When you copy from the entries that follow, take only the lines from the one with "Nike shoes LeBron XVI - Black 6" down to the one with "Interview exclusive –", keeping both ends and dropping every picture.

● Data provided:
'''
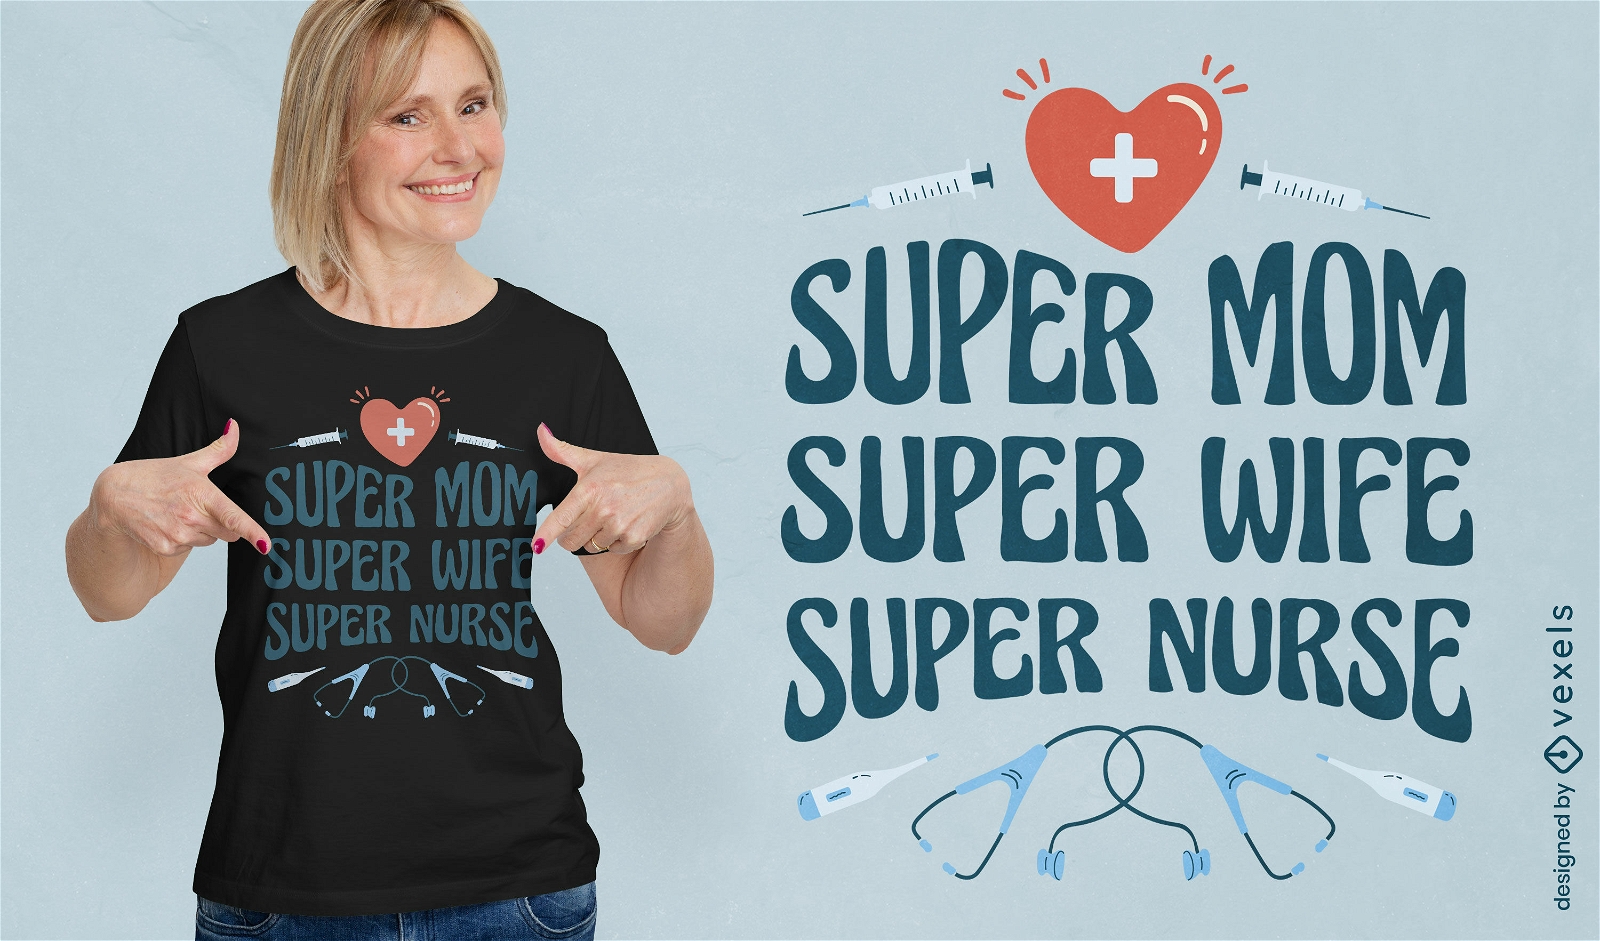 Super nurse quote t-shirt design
'''
'''
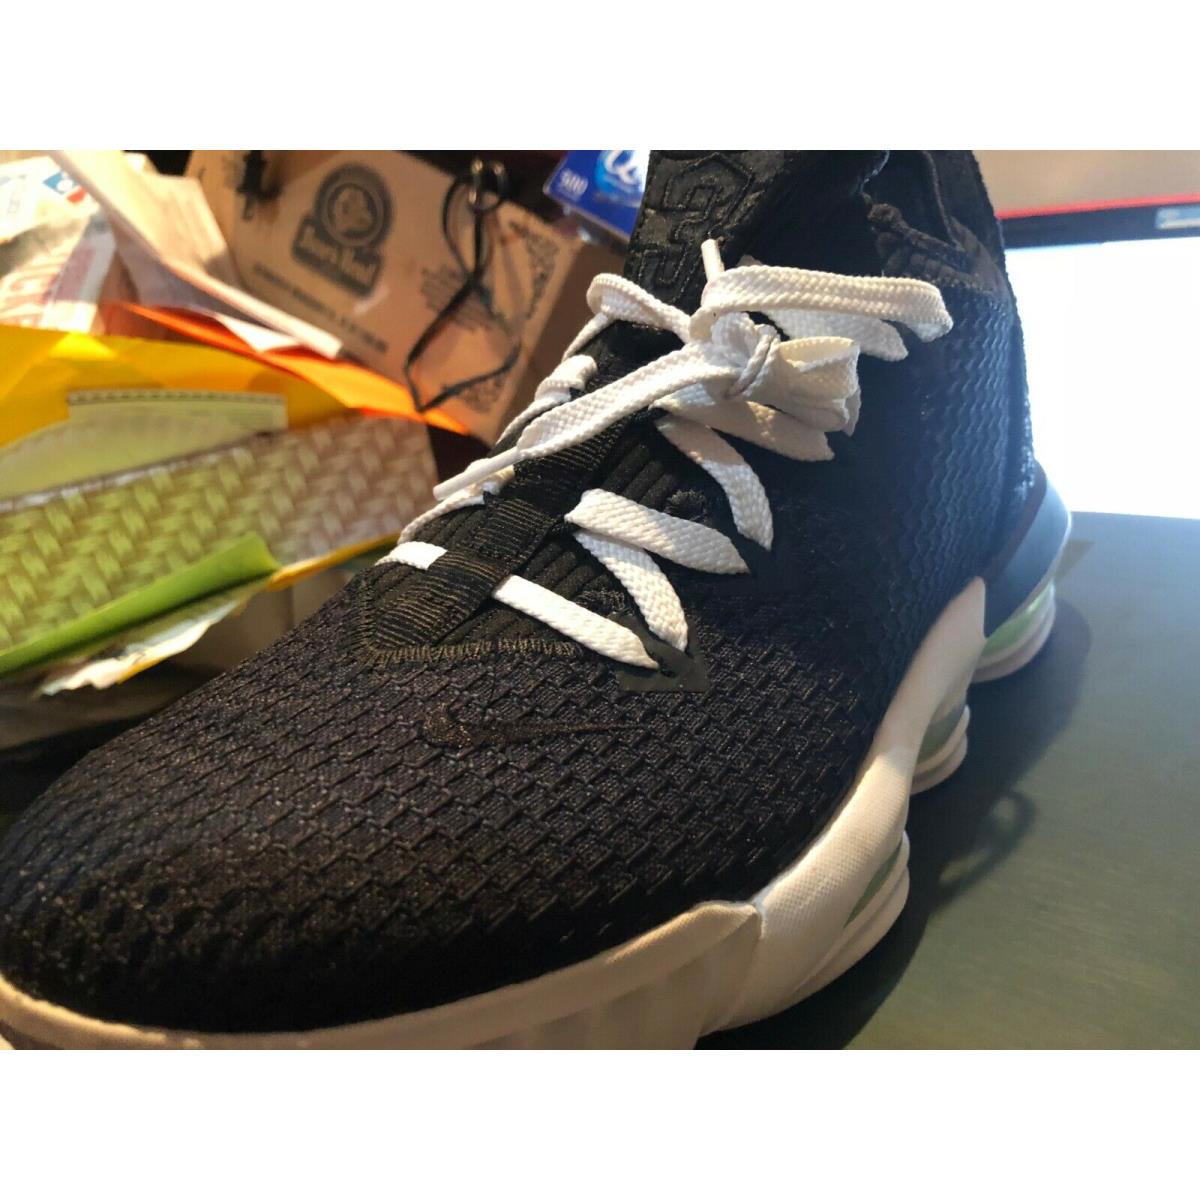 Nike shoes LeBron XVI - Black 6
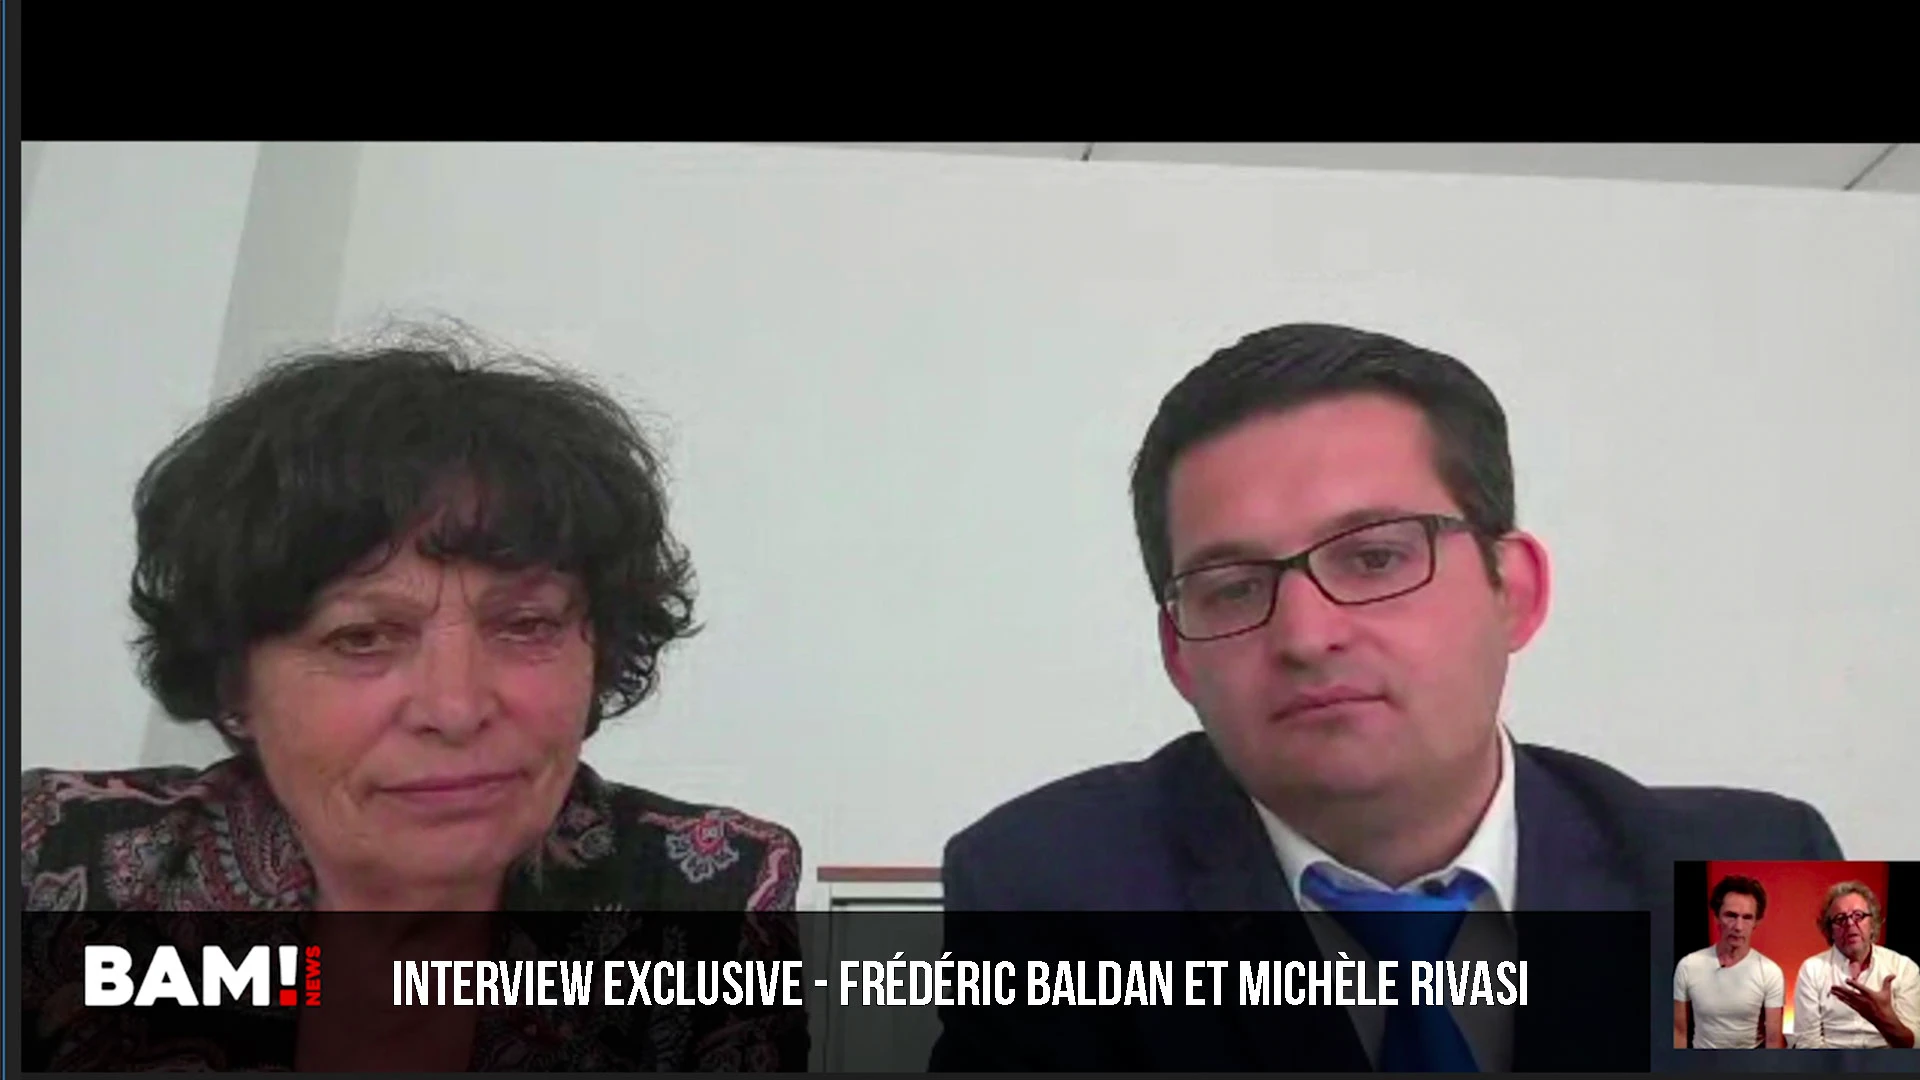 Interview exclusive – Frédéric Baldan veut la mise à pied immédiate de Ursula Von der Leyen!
'''
● Output:
 Nike shoes LeBron XVI - Black 6
 Interview exclusive – Frédéric Baldan veut la mise à pied immédiate de Ursula Von der Leyen!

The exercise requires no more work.